Niewielki potok Jeleń zaczyna swój bieg w Suścu, w zbiorniku wodnym zwanym Morskim Okiem. Zbiornik ten zasilany jest silnym źródłem i stanowi swoistą atrakcję dla licznych ośrodków wypoczynkowych. Jeleń płynie poprzez lasy Puszczy Solskiej w większości doliną o charakterze górskim. Wzdłuż jego biegu prowadzi szlak turystyczny ukazujący piękno roztoczańskich borów.
Jeleń kończy swój bieg jako dopływ Tanwi w uroczysku u stóp wzniesienia Kościółek, gdzie w osiemnastym wieku istniał greckokatolicki klasztor bazylianów a wcześniej noclegi Susiec wczesnośredniowieczne grodzisko. Jednak największą atrakcją Jelenia jest wodospad znajdujący się w połowie jego biegu. Choć liczy sobie niecałe 160 cm wysokości, jest najwyższym wodospadem w strefie krawędziowej Roztocza.

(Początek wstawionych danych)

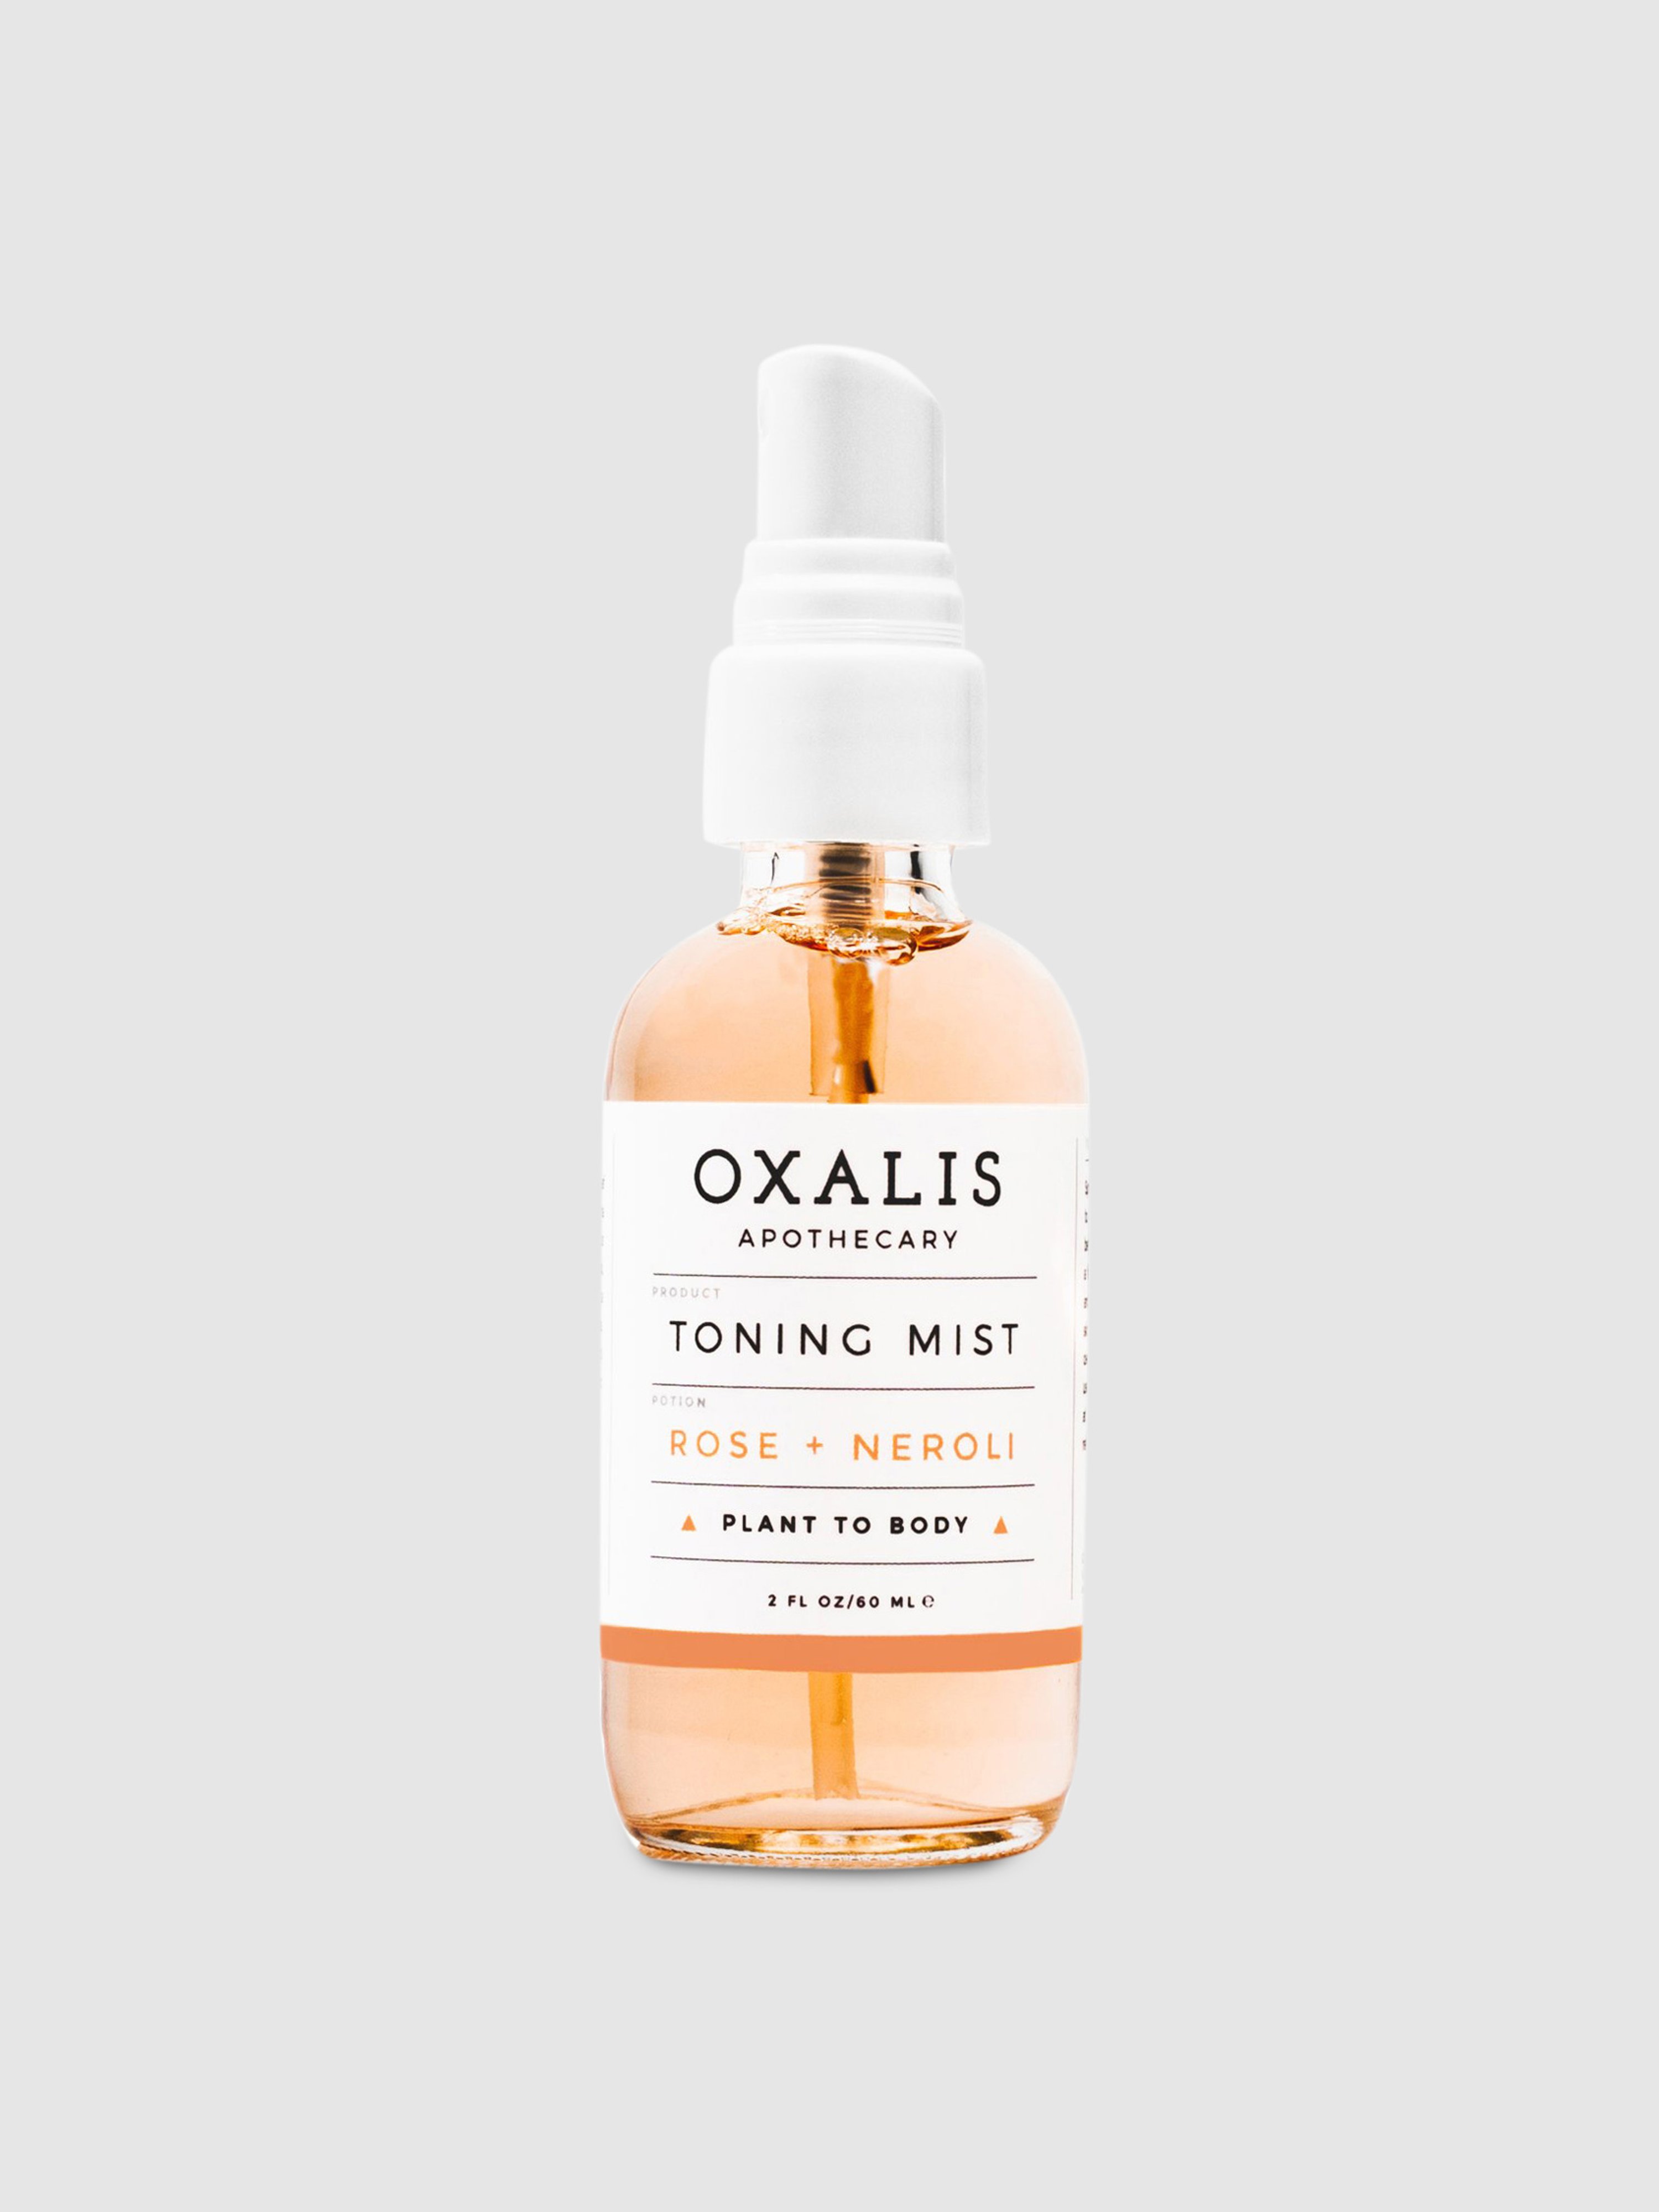 Oxalis Apothecary Toning Mist | Rose + Neroli

Jako pomnik przyrody chroniony jest prawem. Dolina w której znajduje się wodospad jest niezwykle urokliwa o czym wiedzą wszyscy miłośnicy Roztocza. Susiec domki
Niedaleko Suśca w leśnych ostępach Puszczy Solskiej, w głębokiej dolinie Tanwi, znużony turysta może natrafić na niezwykłe miejsce. Jest to sporych rozmiarów szałas przypominający te z „Dzikiego Zachodu”. Proste, surowe warunki, przemiły gospodarz i dzika przyroda czynią to miejsce niemal magicznym. Jak mówią stali bywalcy, wieczorami i nocą słychać, jak Tanew opowiada swym szumem stare historie. Susiec pokoje do wynajęcia
Zamczysko to wzniesienie położone w widłach dolin Tanwi i Jelenia. Odnaleźć można tam resztki grodziska z dwunastego i trzynastego wieku, otoczonego wałem ziemnym. Na początku 17. wieku na wzgórzu wzniesiono cerkiew unicką z klasztorem bazylianów, ufundowana przez rodzinę Zamojskich. W 1748 roku zamieniono ją na kościół pw. św. Jana Nepomucena, a później rozebrano.

Nidzica

Rozległy kompleks leśny zajmujący obszar pomiędzy Olsztynem, Olsztynkiem, Nidzica noclegi, Szczytnem i Wielbarkiem uważany jest przez wielu za najlepsze na Mazurach miejsce do grzybobrania. W puszczy dominują bory sosnowe, wyróżniające się bogatym runem, na które składają się poduszki mchów i łany borówek. Pomiędzy pniami drzew rosną malownicze kępy jałowców. Właśnie takie tereny są ulubionym miejscem występowania prawdziwków i borowików. W suchszych fragmentach lasu o piaszczystym podłożu często rosną kurki. noclegi Nidzica

Puszcza Nidzicka od lat jest ulubionym miejscem letniego i jesiennego wypoczynku mieszkańców stolicy, bo z Warszawy jest tu naprawdę niedaleko. Chociaż w jesienny słoneczny weekend do lasu ruszają tysiące osób wyposażonych w noże i koszyki, pocieszmy się; wszak nie zdarzył się jeszcze taki, kto znalazłby wszystkie grzyby w lesie! Nidzica domki

Powstał w 1868 r. i pierwotnie nosił nazwę Schlossbrauerei Neidenburg (Browar Zamkowy Nidzica). Po zakończeniu działań wojennych w browarze mieściła się rozlewnia oranżady a po remoncie w 1958 r. powstała Nidzicka Wytwórnia Win i Miodów Pitnych. Dawny Browar Zamkowy w 1992 r. decyzją Wojewódzkiego Konserwatora Zabytków został wpisany do rejestru zabytków jako ciekawy przykład XIX-wiecznego budownictwa przemysłowego. Obecnie jest on w rękach prywatnych i nosi nazwę: Wytwórnia Win i Miodów Pitnych w Nidzica pokoje do wynajęcia.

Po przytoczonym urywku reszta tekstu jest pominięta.